Paul Iddon, a journalist based in Erbil, Iraqi Kurdistan, suggests Iraq may be planning to acquire Rafales to serve primarily as interceptors.
The IQAF already has 34 American-made F-16s, which even the Air Forces of Turkey and Israeli possess but the Iraqi F-16s, unlike their Turkish and Israeli counterparts, are only armed with short-range AIM-7 Sparrow and AIM-9 Sidewinder air-to-air missiles, and not the long-range AIM-120 AMRAAM.
Considering the IQAF’s operations are focussed on targeting the Islamic State (ISIS) militants across Iraq, there is not much need of long-range air-to-air capability for the IQAF, unless it wants to intercept the Israeli and Turkish aircraft.
According to Iddon, France will most probably be prepared to sell Rafales, considering it had sold a large fleet of Mirage F1s in the 1970s and 1980s, plus in 2011 it had offered to sell 18 more after all the previous Mirage fighter jets were destroyed during the American invasion of Iraq to bring down the Saddam Hussein regime.

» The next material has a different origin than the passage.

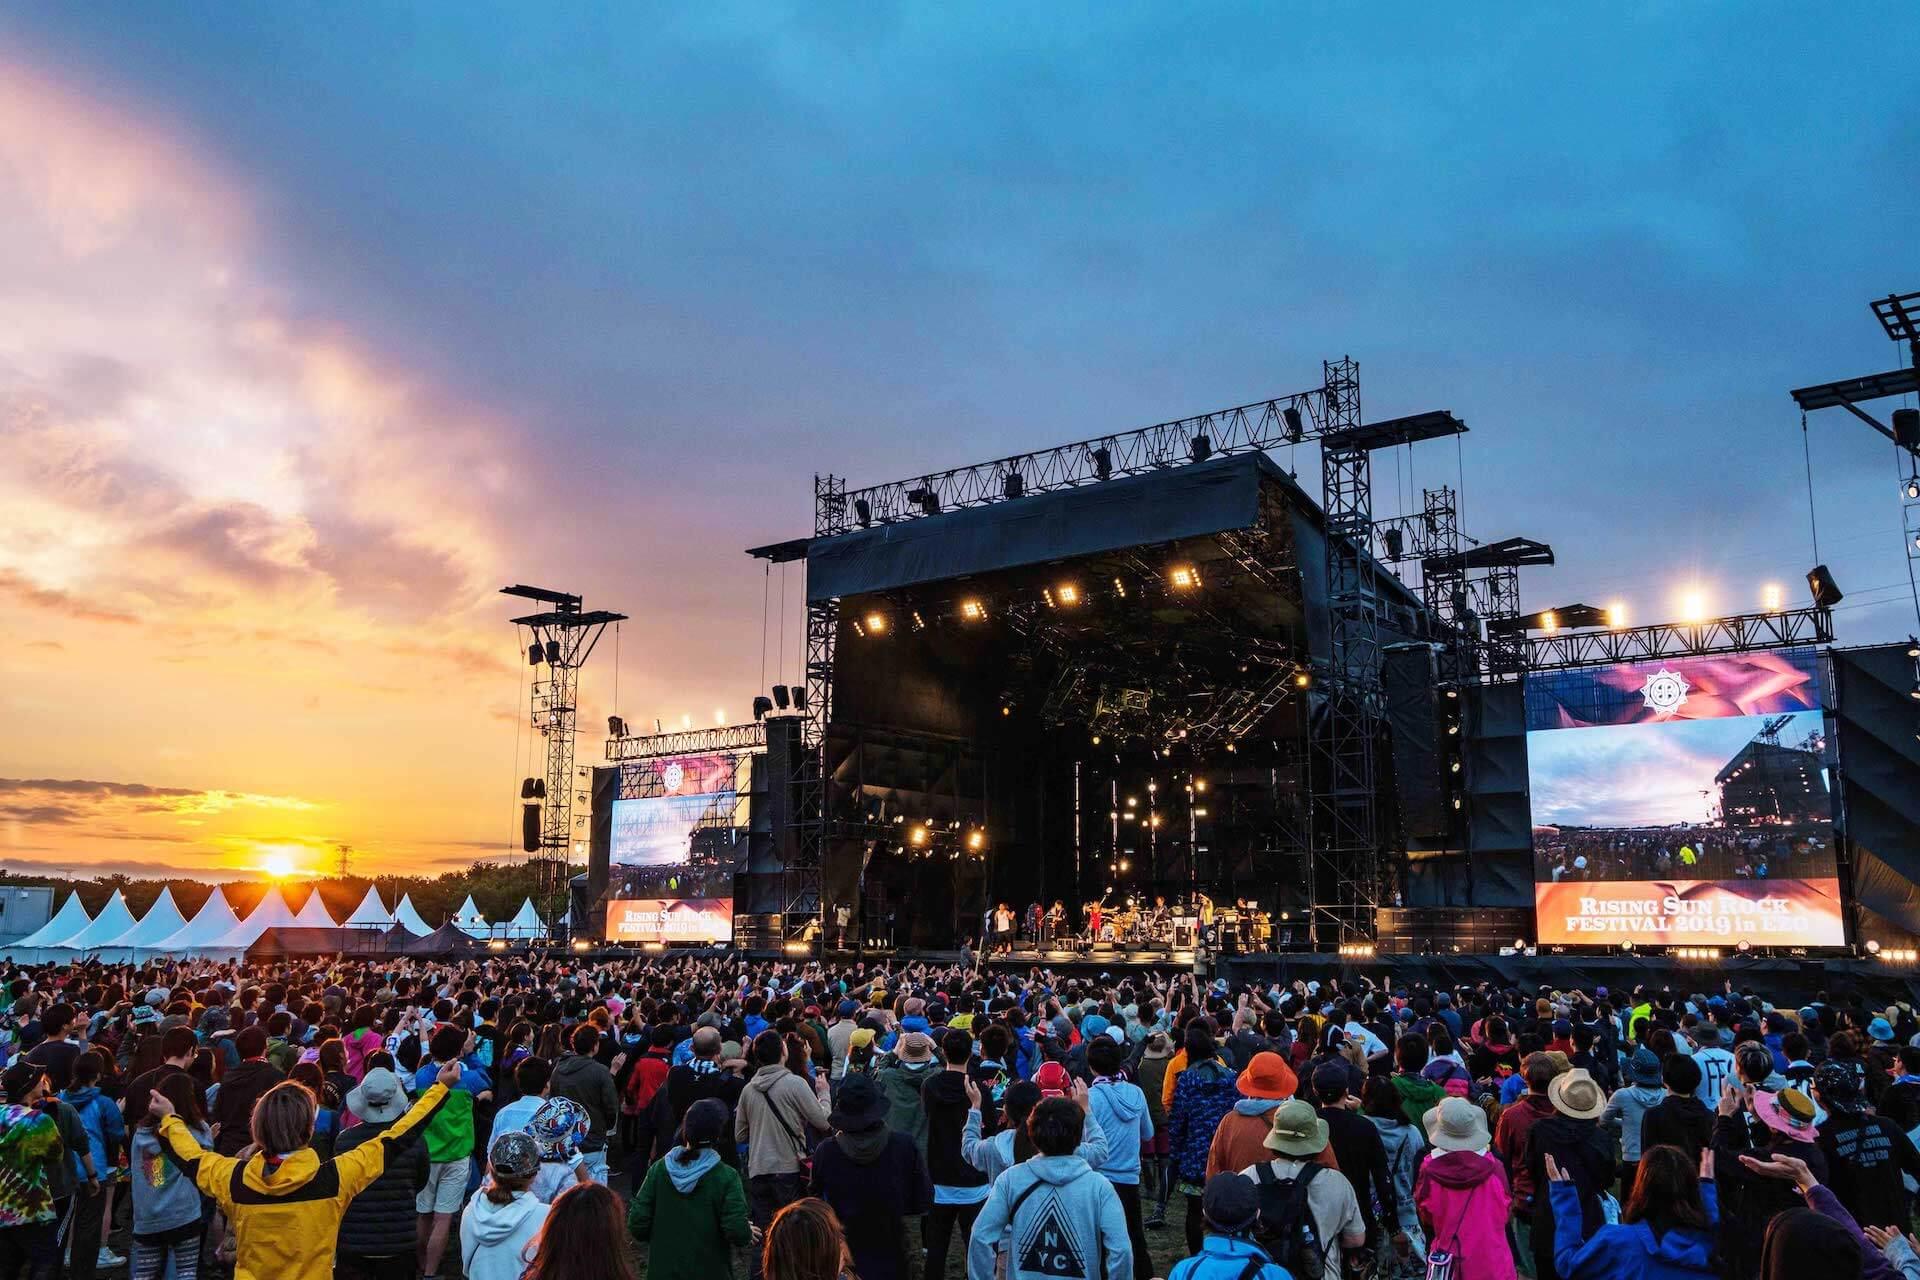 今年の夏は北海道で!<RISING SUN ROCK FESTIVAL 2020 in EZO>ロゴ&チケット抽選販売スケジュールが発表 music200131_rsr2020_2

These 14 Rafales could come armed with Meteor beyond-visual-range air-to-air missile (BVRAAM), developed and manufactured by MBDA, which is similar to the American-made AIM-120 missile.
Iddon notes, however, that the US and Israel could oppose Iraq’s acquisition of the Meteor missile, similar to the sale of Rafales to Egypt in 2010 when both countries pressured France to downgrade the air-to-air missile for Cairo to the 80 km MICA missile instead of the 100 km Meteor missile.
Turkey might also object to such a sale, as Rafales armed with BVR missiles could allow the IQAF to intercept Turkish F-16s and UAVs that frequently carry out strikes against PKK militants.
In fact, Ankara has a good reason to oppose such a deal because, in 1983, an Iraqi Mirage F1 had knocked down a Turkish F-100F Super Sabre using a Super 530F-1 missile.